Some experts attribute this change in the Chinese attitude to Prime Minister Modi-led government’s apparent assertiveness towards China. It was evident when Tibetan Prime Minister-in-exile Lobsang Sangay was invited for Modi’s swearing-in and Kiren Rijiju, a Lok Sabha member from Arunachal Pradesh was included in the National Democratic Alliance government’s cabinet as a Minister of State for Home. But then, PLA troops’ incursions into the Ladakh region have not stopped. In the course of meeting between Modi and Jinping, incursions will be top issue to be broached by India. Incursions do “tend to undermine a relationship when we are focused on reviving historical ties, enhancing our economic ties and working together in international forum as the two developing countries,” sources say.

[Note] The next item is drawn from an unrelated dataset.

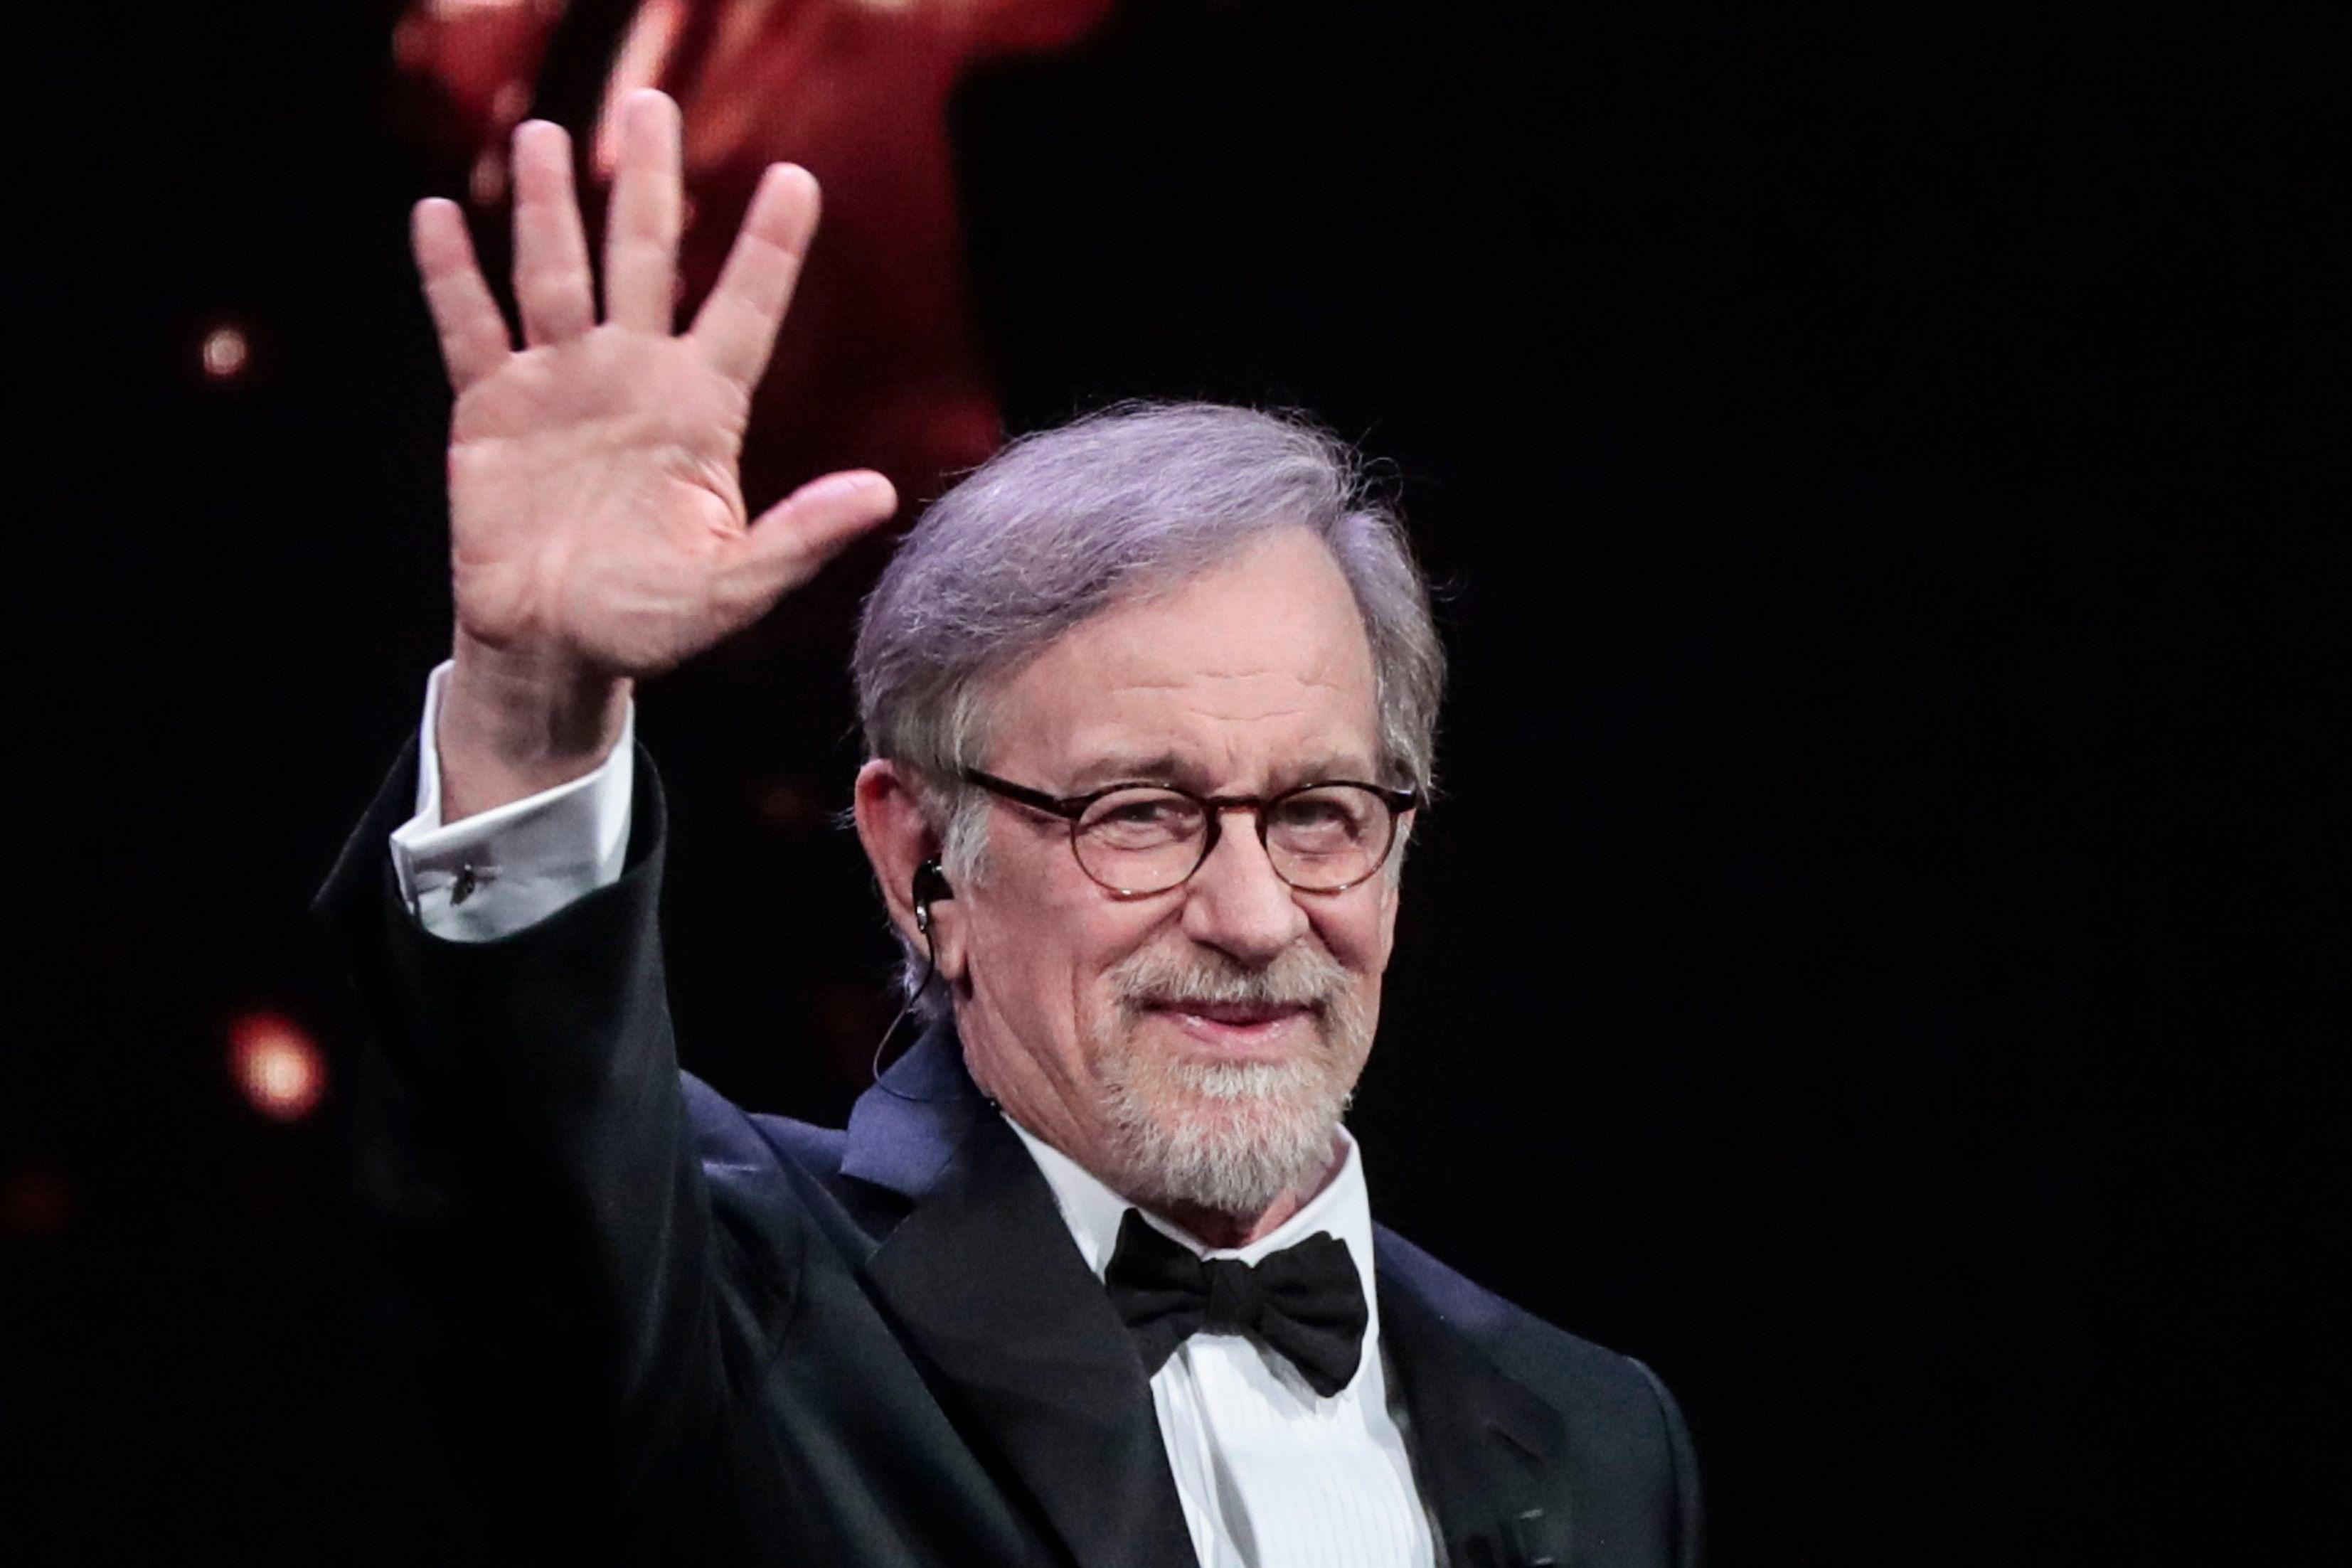 Steven Spielberg: Netflix Movies and Streaming Services 'Deserve an Emmy, but Not an Oscar'

Besides, issues likely to figure during forthcoming meeting are ONGC’s bid to explore the South China Sea for gas and oil in the backyard of Vietnam. China has laid a blanket sovereign claim over the 1.4 million square miles long South China Sea and hence, has protested against India’s bid. New Delhi’s stand is clear that the South China Sea is an international water sea lane and any dispute over it should be resolved “through peaceful measures in accordance with universally recognized principles of international law.”

Breaking ground

India has also maintained that freedom of navigation in the South China Sea should not be impeded. In any case, the proof of the pudding is in the eating; India will have to keep a watch on its neighbourhood wherein China is pumping in money to expand its area of influence. For the moment, however, it is clear that the Modi government is ready to remove frictions in the two countries ties. Signals to this were made when at the just-concluded BRICS summit, India, to the dismay of pro-West hawks, allowed China to take away BRICS bank without creating any whimpering sound. Then Modi readily accepted the Chinese President’s invitation to visit Beijing to attend APEC (Asia-Pacific Economic Cooperation) meeting, taking place on November 10-11.